Nutrição que faz sentido
- Proteína em 1,6-2,2 g por quilograma de peso corporal Diariamente, distribuídos em 3-4 refeições de 25-40 g. Esta é a base do músculo que protege a articulação.
- Colágeno ou gelatina, 10-15 g com 50 mg de vitamina C, tomadas 30 a 60 minutos antes do carregamento. As evidências são limitadas e o efeito é pequeno, mas o risco é insignificante.
- Vitamina D A deficiência é geralmente tratada com 1000 a 2000 UI diários.
- Omega-3 em 2-3 g de EPA mais DHA uma modesta redução da rigidez matinal em condições inflamatórias.
- Glucosamina e condroitina ter resultados pouco convincentes. Se os experimentarem, dêem-lhes 8-12 semanas e depois julguem honestamente; não construam um plano em torno deles.
O que não ajuda?
- Descanso completo por mais de 2-3 dias reduz a dor a curto prazo enquanto enfraquece os músculos e a cartilagem a longo prazo.
- Artigos quebrando sem dor ou inchaço. Isso não é dano e não precisa de nenhuma ação.
- Aparelhos e fita como um substituto permanente para ficar mais forte.
- Anti-inflamatórios diários para que possas treinar com dor que só te elimina o único sinal que tens.
- Evitar agachamentos, escadas ou correr pela vida por causa de uma tomografia.
Quando consultar um médico
- Inchaço que aparece dentro de 1 a 2 horas após uma lesão, ou uma articulação que se bloqueia e não se endireita.
- Não podes dar quatro passos com o peso na perna.
- Vermelhidão, uma articulação quente e uma temperatura superior a 38 °C urgente, no mesmo dia.
- Rigidez matinal que dura mais de 45-60 minutos, em várias articulações, que dura semanas.
- Dor que te acorda à noite, inchaço sem lesão, ou perda de peso inexplicável.
- Dor que não melhorou após 6-8 semanas de trabalho de força constante.
A versão curta
- A cartilagem não tem nervos e não pode ferir por si só; danos em uma tomografia são comuns em pessoas com mais de 40 anos que não apresentam sintomas.
- O movimento alimenta a articulação a imobilidade a afina, e os saltos semanais de carga acima de 10% a sobrecarregam.
- A força é a base: 3 séries de 8-12 repetições, 2-3 vezes por semana, durante pelo menos 12 semanas, com dor de até 4/10 que volta ao normal pela manhã.

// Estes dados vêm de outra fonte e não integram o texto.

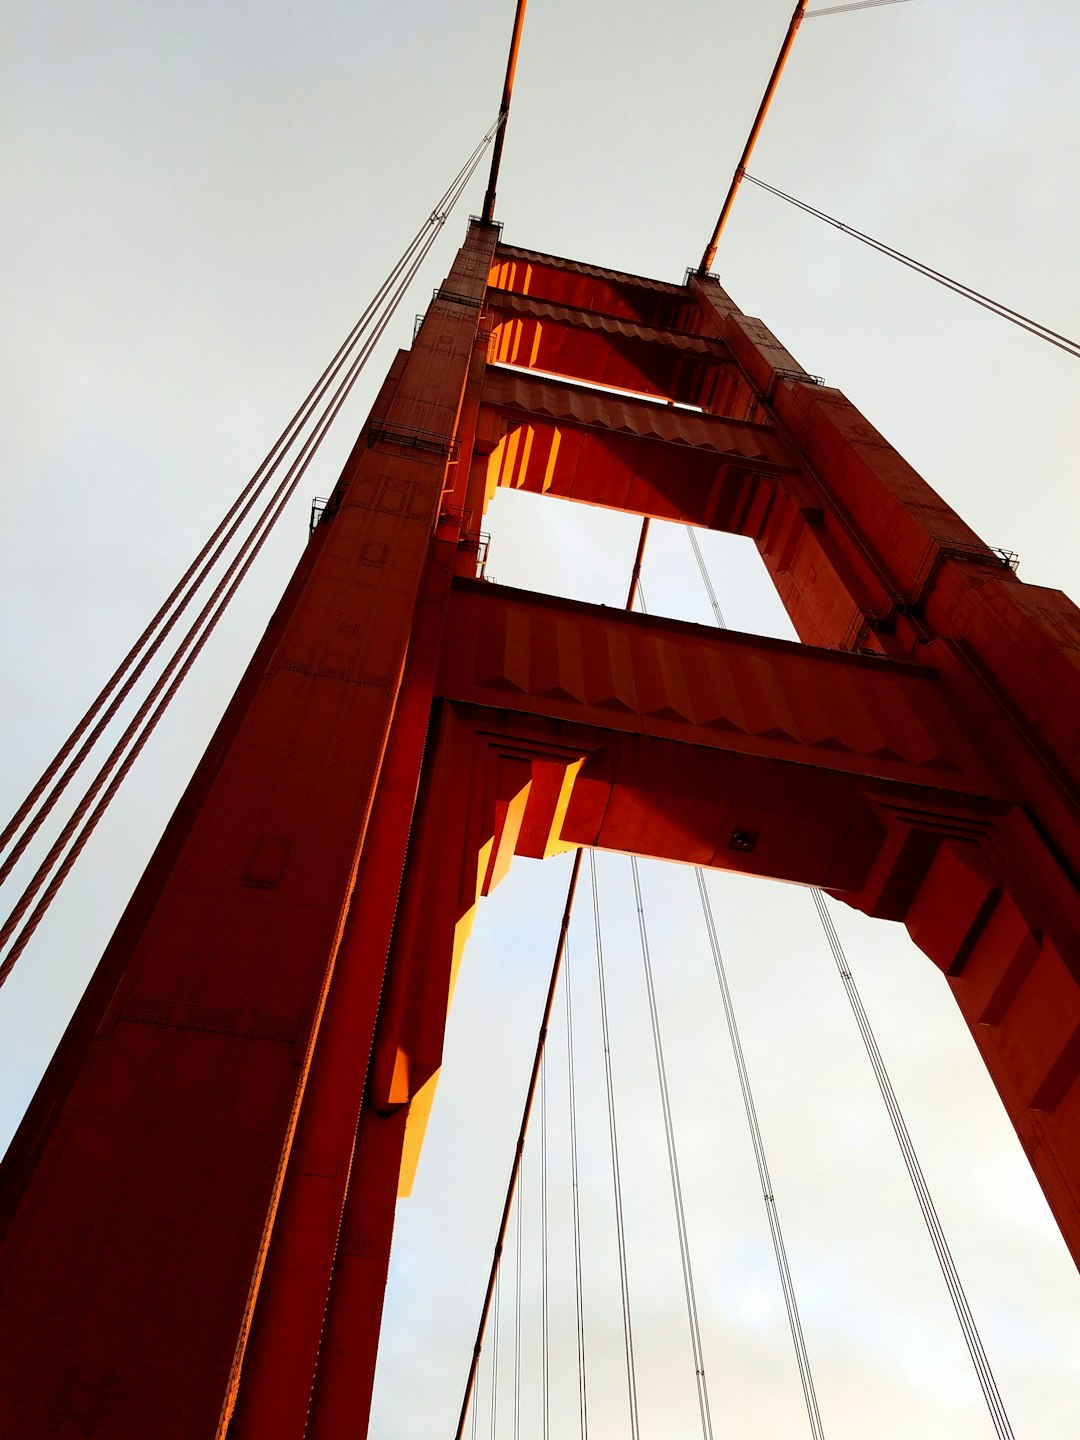 Suspension bridge photo spot Golden Gate National Recreation Area Golden Gate Bridge

- Cada quilo perdido remove 3-6 quilos de força do joelho por passo; uma queda de 5-10% na massa corporal é perceptível.
- Inchaço em duas horas, articulação fechada, temperatura superior a 38 °C ou incapacidade de andar pertencem a um médico, não a um plano de treino.
Informações gerais, não aconselhamento médico. Se você tiver uma condição de saúde ou dor, fale com um médico antes de mudar o modo de se exercitar.